• Work instructions: If pictures appear among the lines below, leave them out while you return exactly the lines from the one with "Weltenburger Kloster Spezial Festbier" through the one with "SOI KÈO NHÀ".
Records for this task: Begin
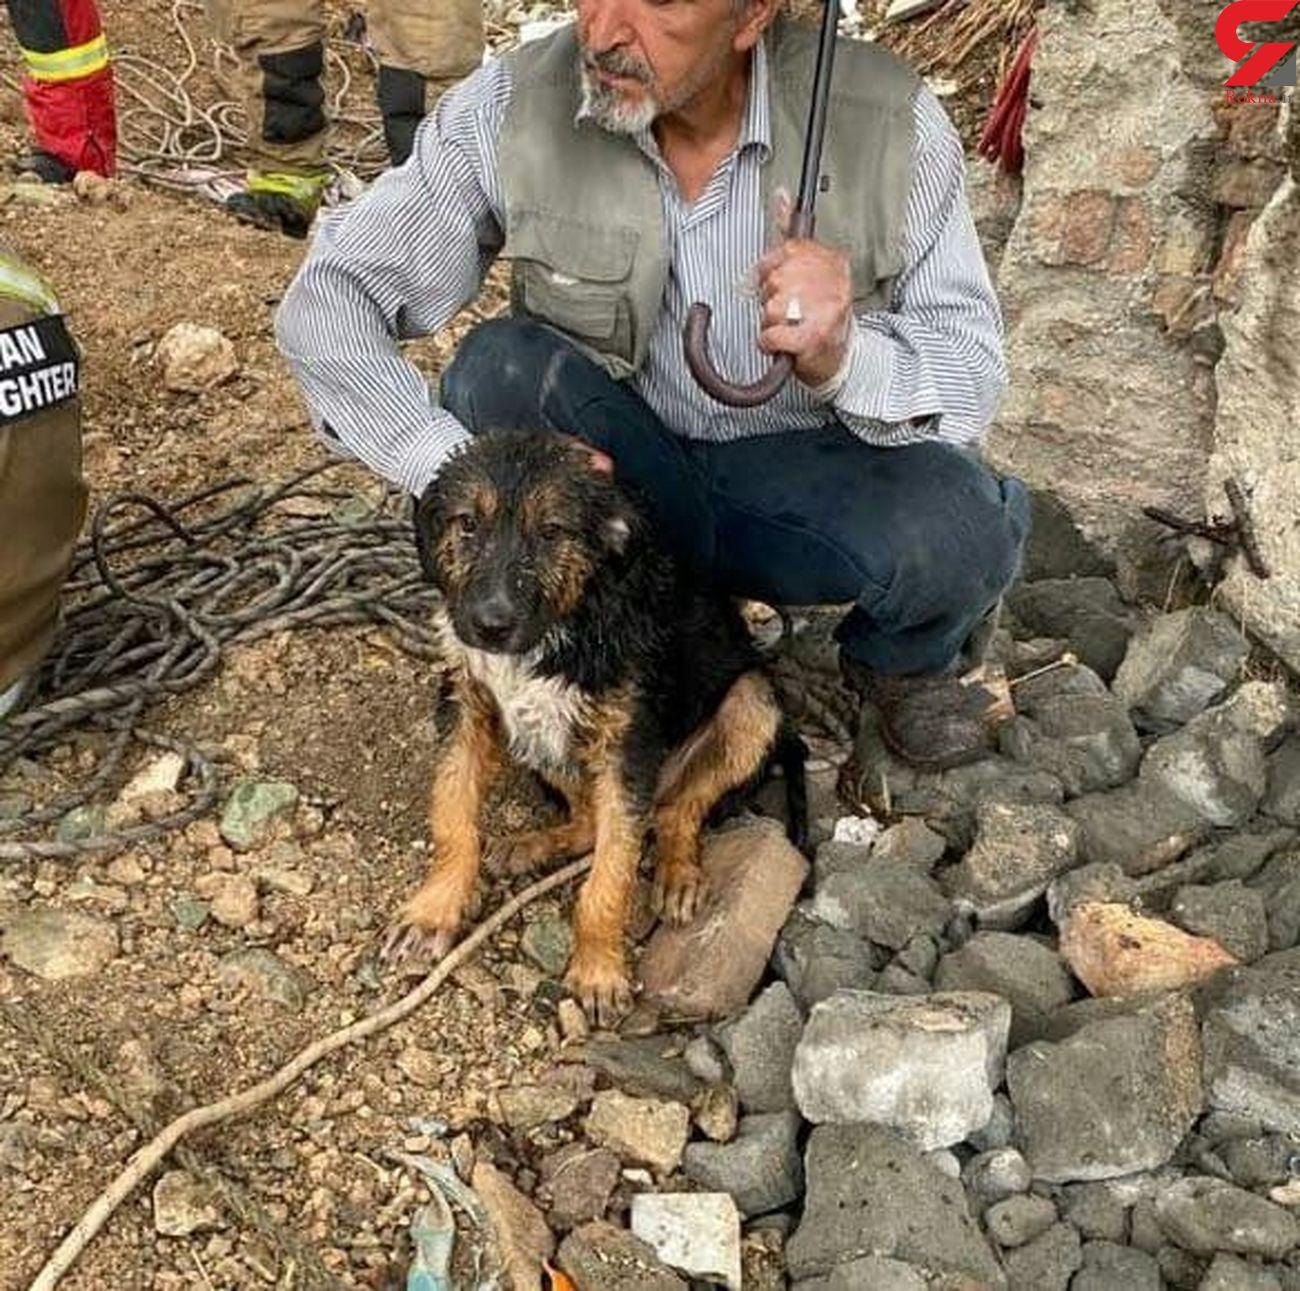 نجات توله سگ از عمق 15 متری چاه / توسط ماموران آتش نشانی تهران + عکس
Records for this task: End
Records for this task: Begin
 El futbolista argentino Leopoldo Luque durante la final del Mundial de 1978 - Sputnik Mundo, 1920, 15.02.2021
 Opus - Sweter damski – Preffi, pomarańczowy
Records for this task: End
Records for this task: Begin
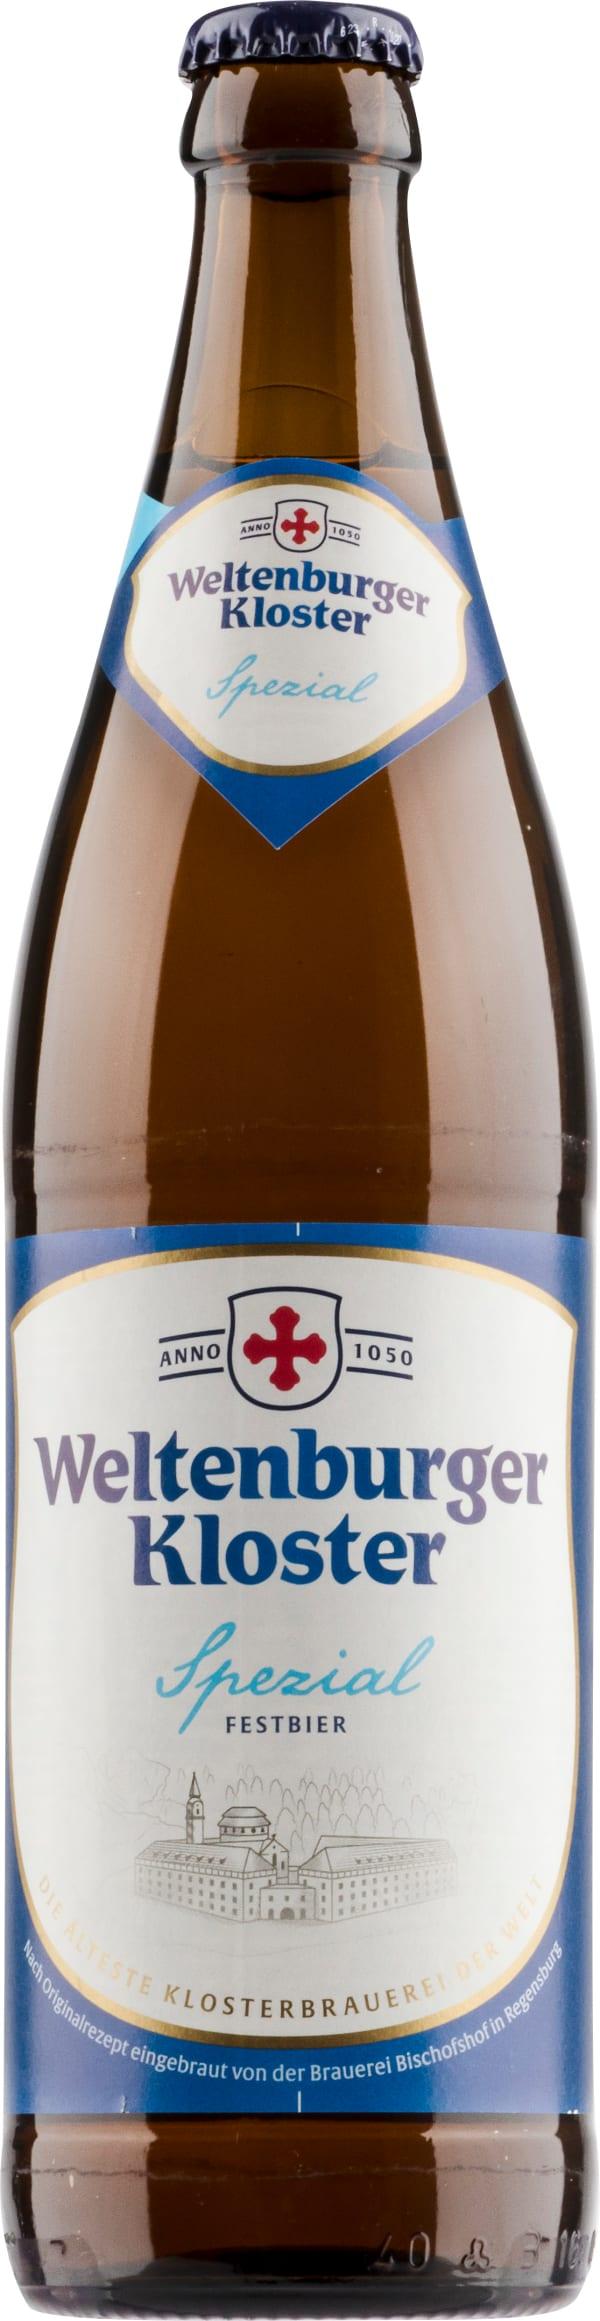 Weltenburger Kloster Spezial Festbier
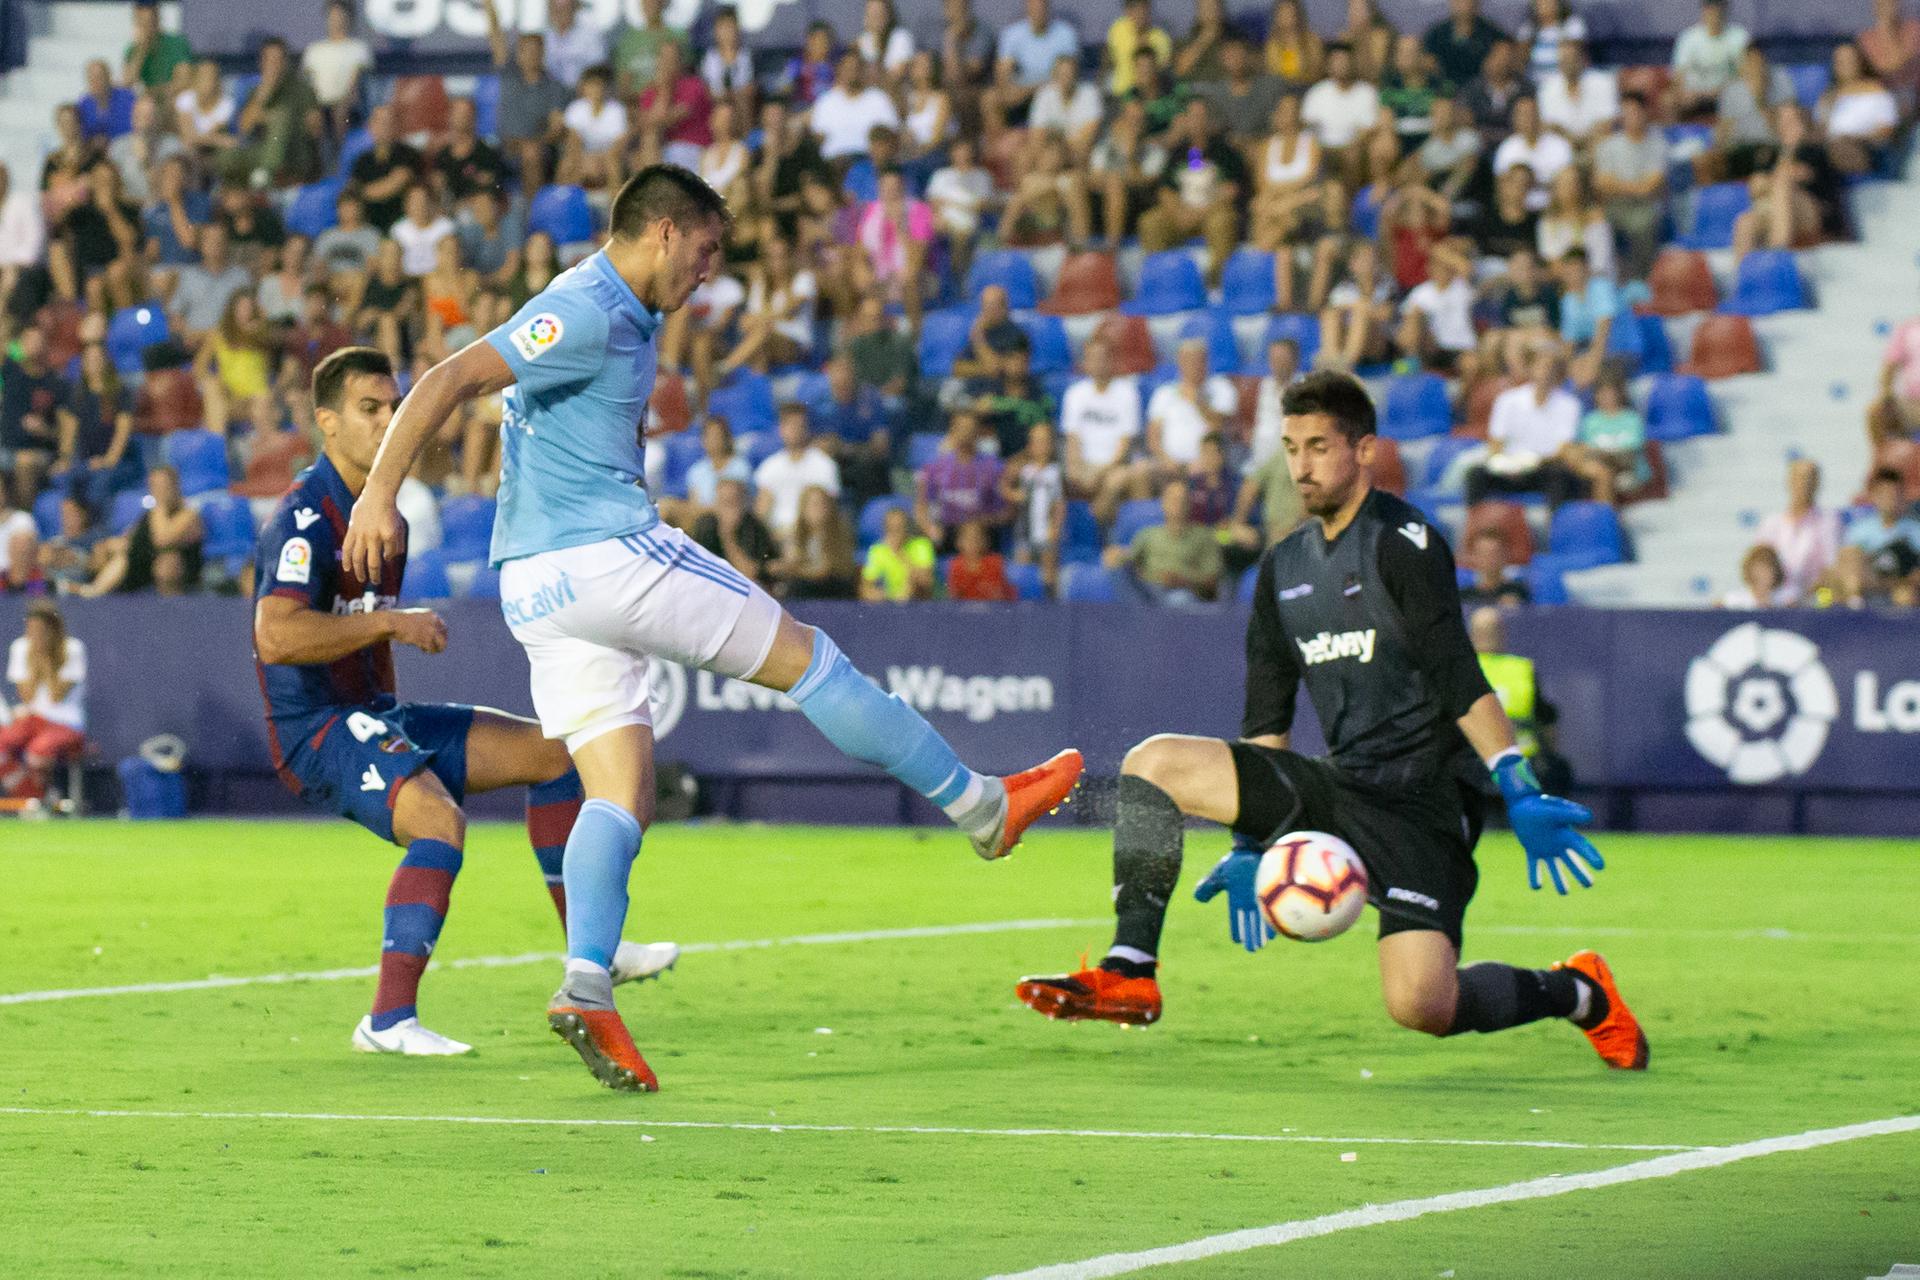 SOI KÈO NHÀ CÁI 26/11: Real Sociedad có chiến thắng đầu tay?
Records for this task: End
• Answer to the problem:
 Weltenburger Kloster Spezial Festbier
 SOI KÈO NHÀ CÁI 26/11: Real Sociedad có chiến thắng đầu tay?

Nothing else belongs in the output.